*** Information supplied Section Begins ***

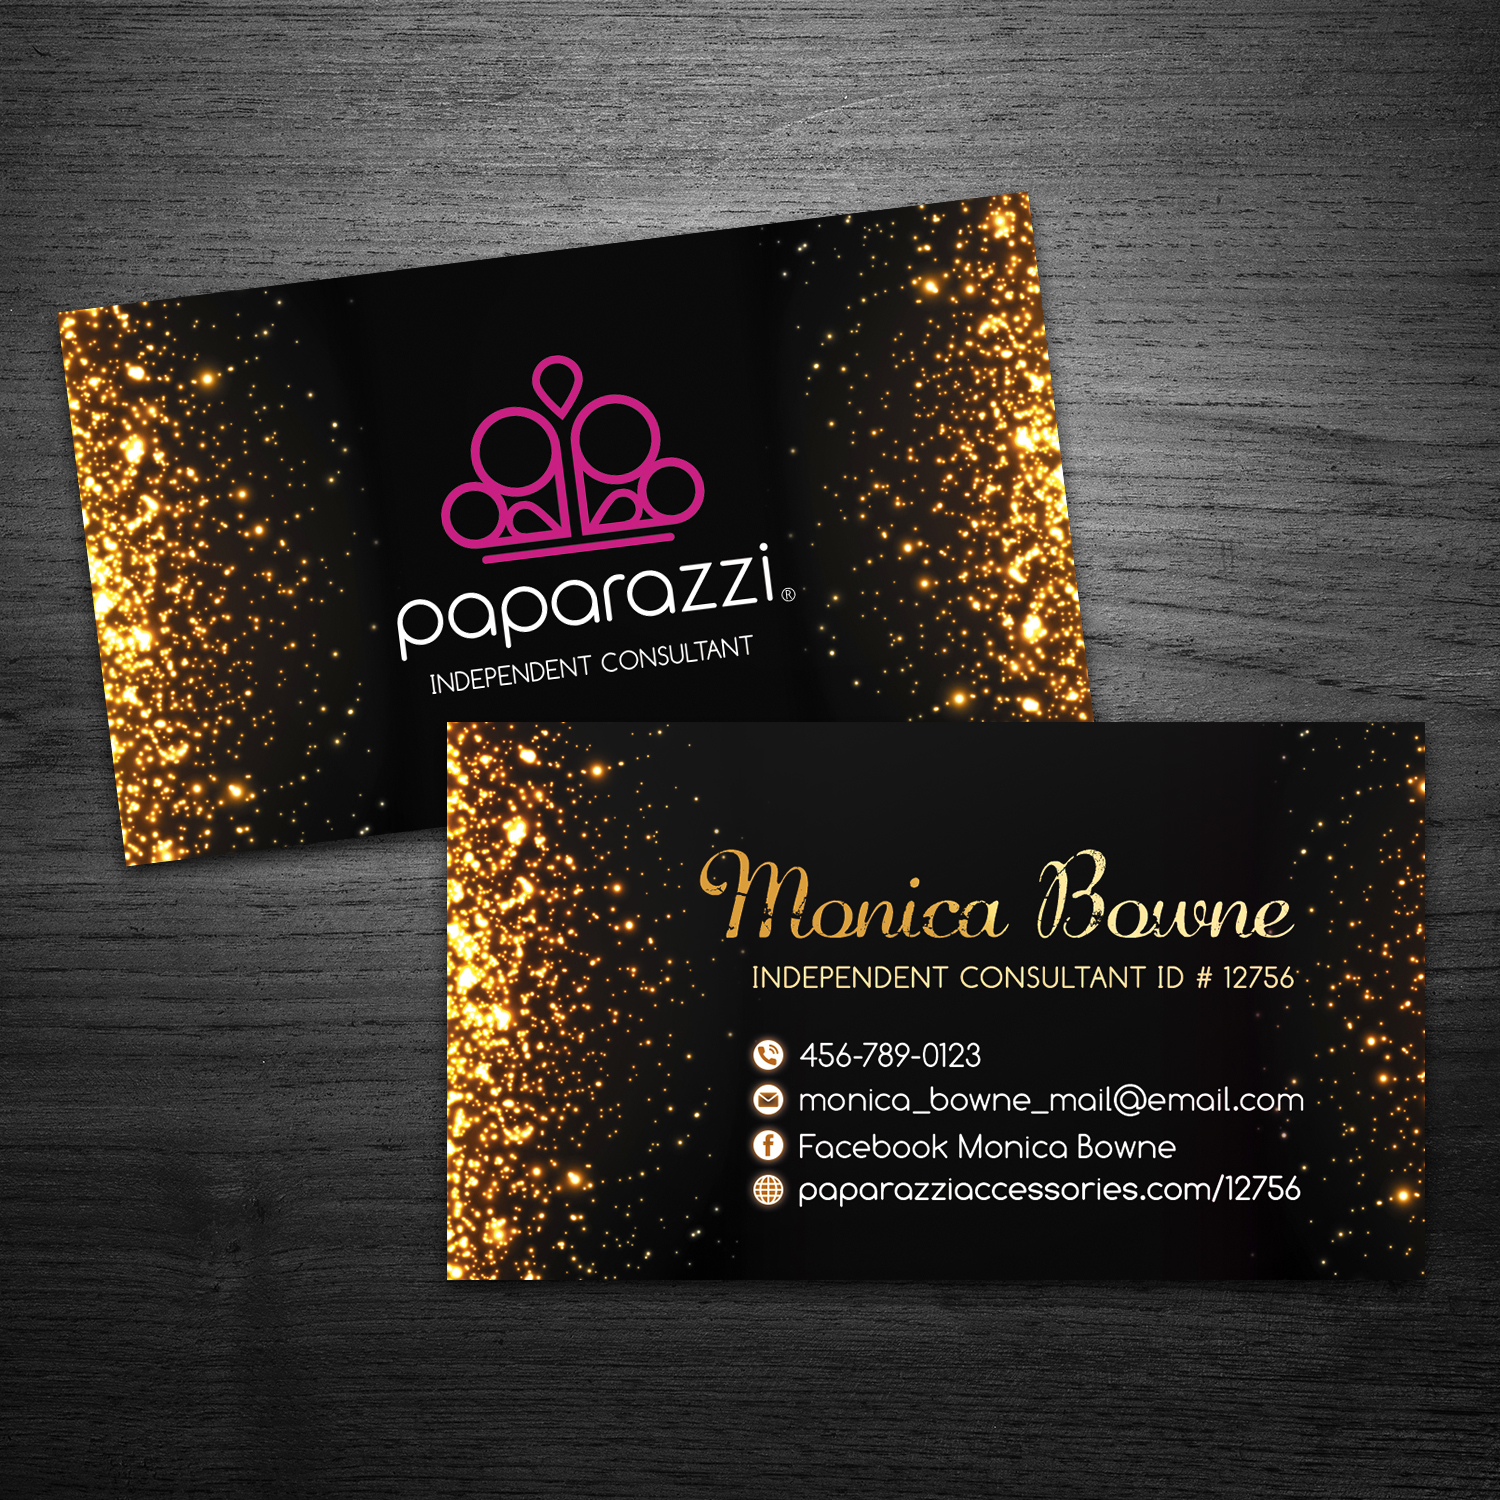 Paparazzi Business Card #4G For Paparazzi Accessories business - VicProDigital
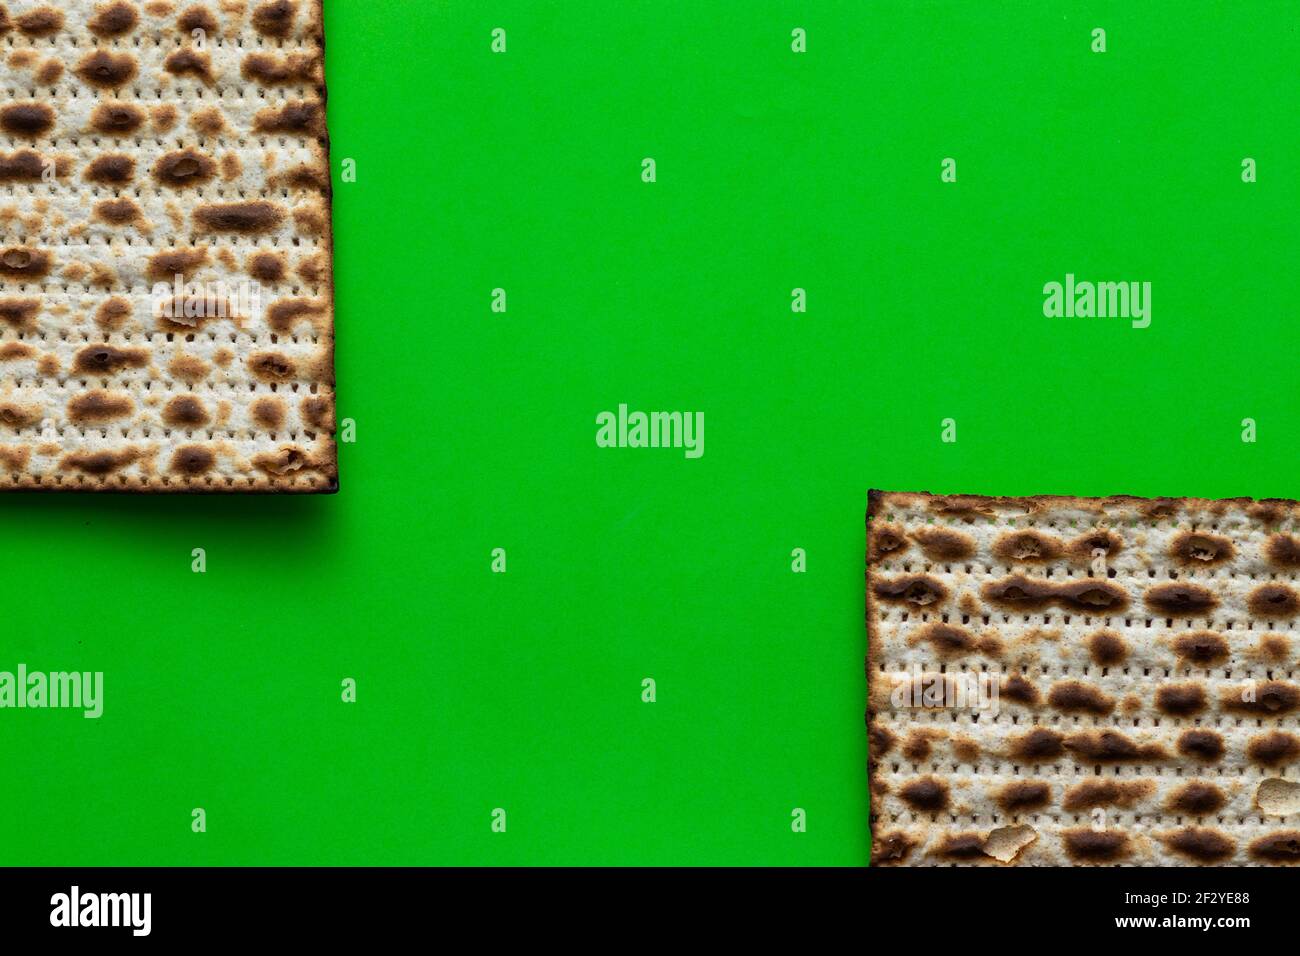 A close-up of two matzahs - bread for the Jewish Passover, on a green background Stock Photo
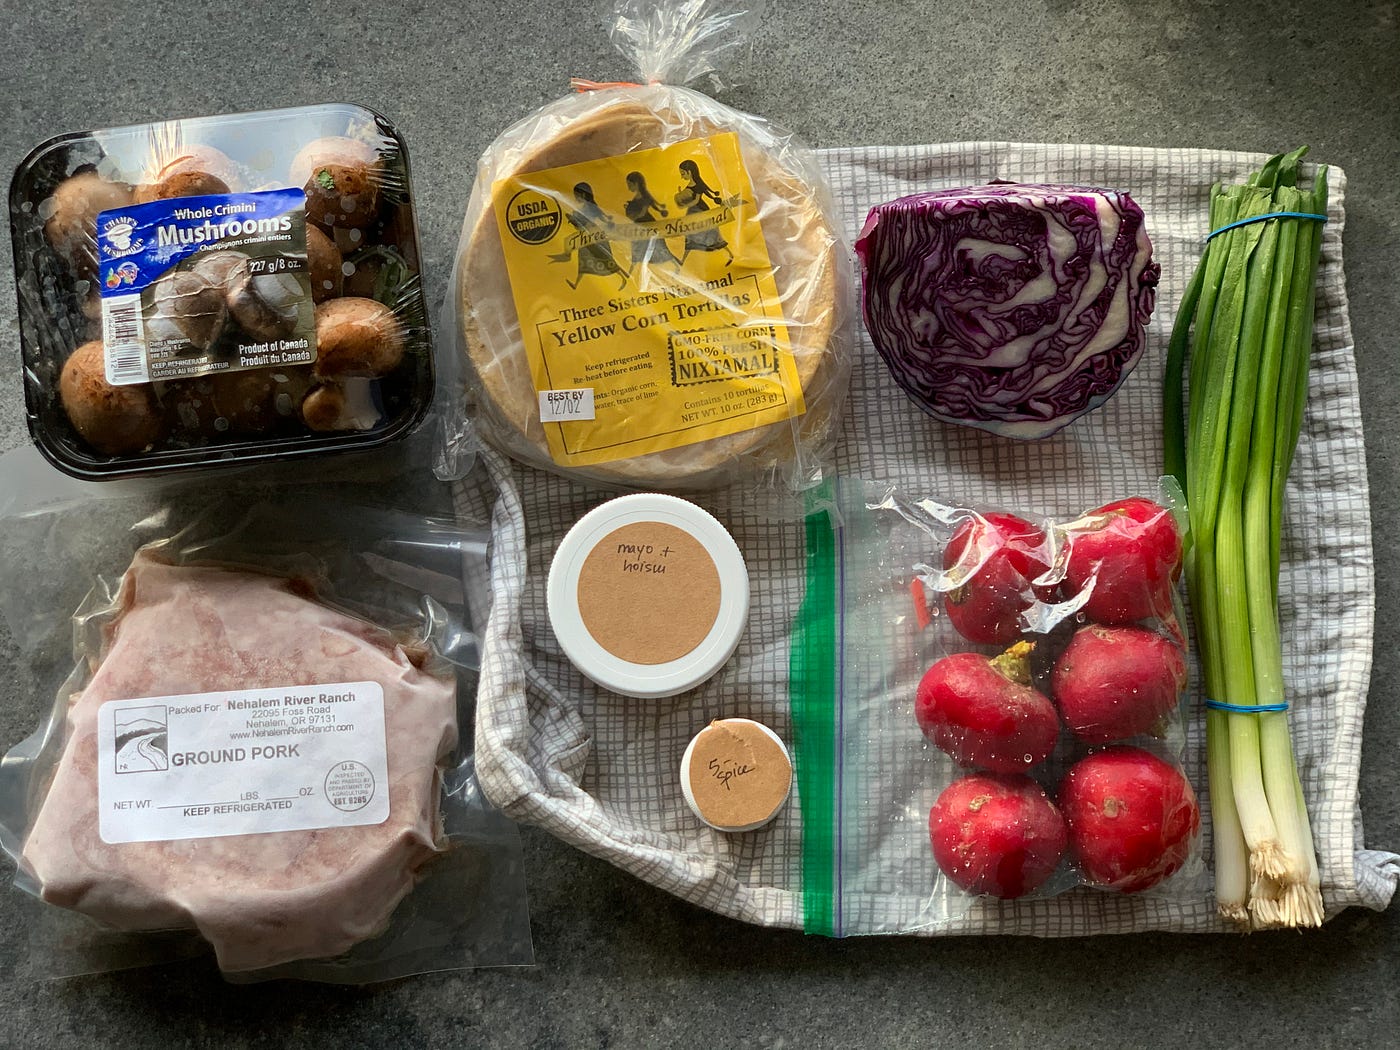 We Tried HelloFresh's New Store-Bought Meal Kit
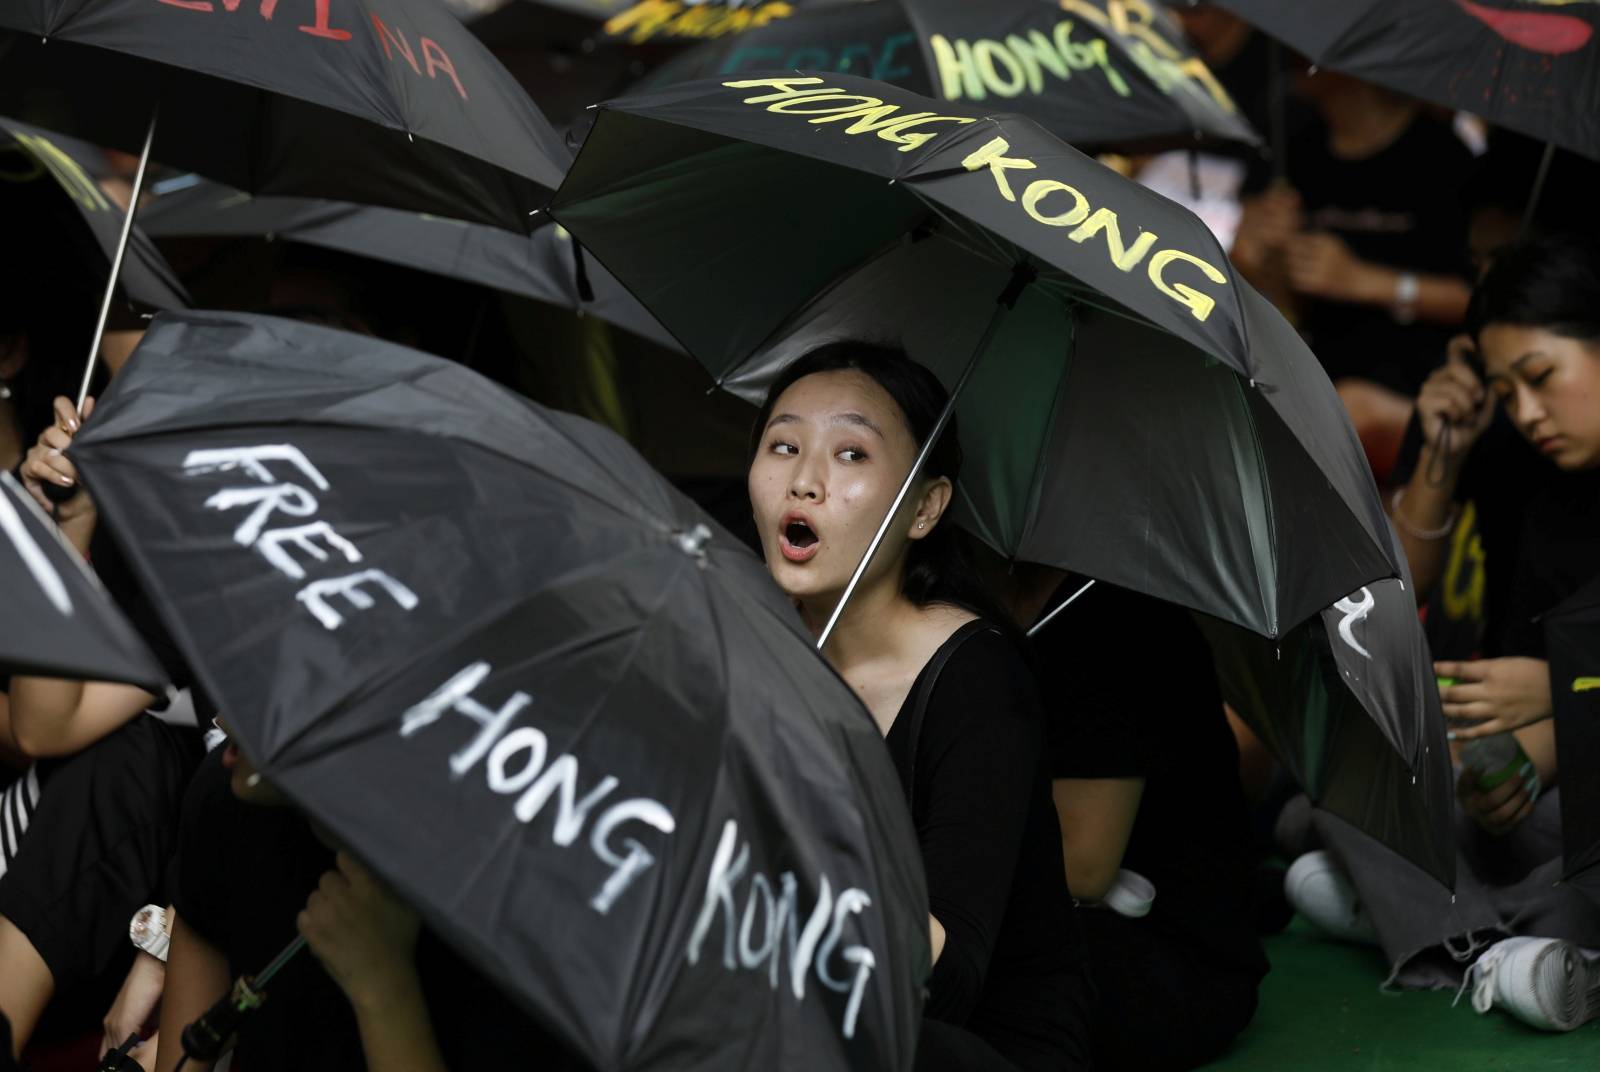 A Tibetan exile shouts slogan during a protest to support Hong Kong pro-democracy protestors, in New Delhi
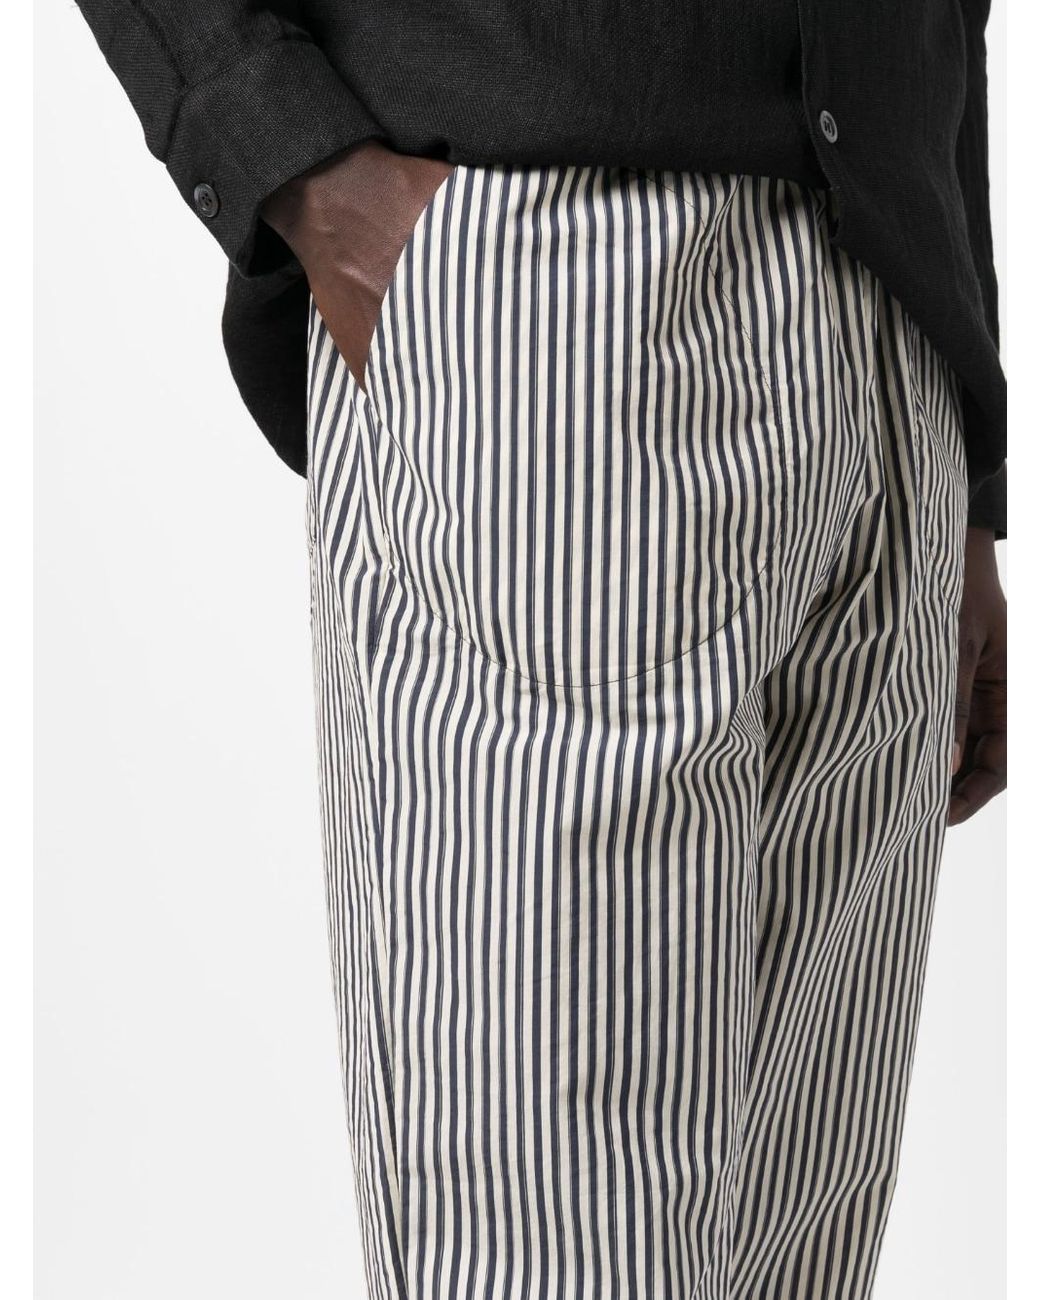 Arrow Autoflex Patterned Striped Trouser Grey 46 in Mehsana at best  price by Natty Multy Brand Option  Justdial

*** Information supplied Section Ends ***

[About this task] Where the line containing "We Tried HelloFresh's" appears in the entries above, start there and set down every line exactly through the last one, inclusive; omit pictures.

[Answer to this problem]
 We Tried HelloFresh's New Store-Bought Meal Kit
 A Tibetan exile shouts slogan during a protest to support Hong Kong pro-democracy protestors, in New Delhi
 Arrow Autoflex Patterned Striped Trouser Grey 46 in Mehsana at best  price by Natty Multy Brand Option  Justdial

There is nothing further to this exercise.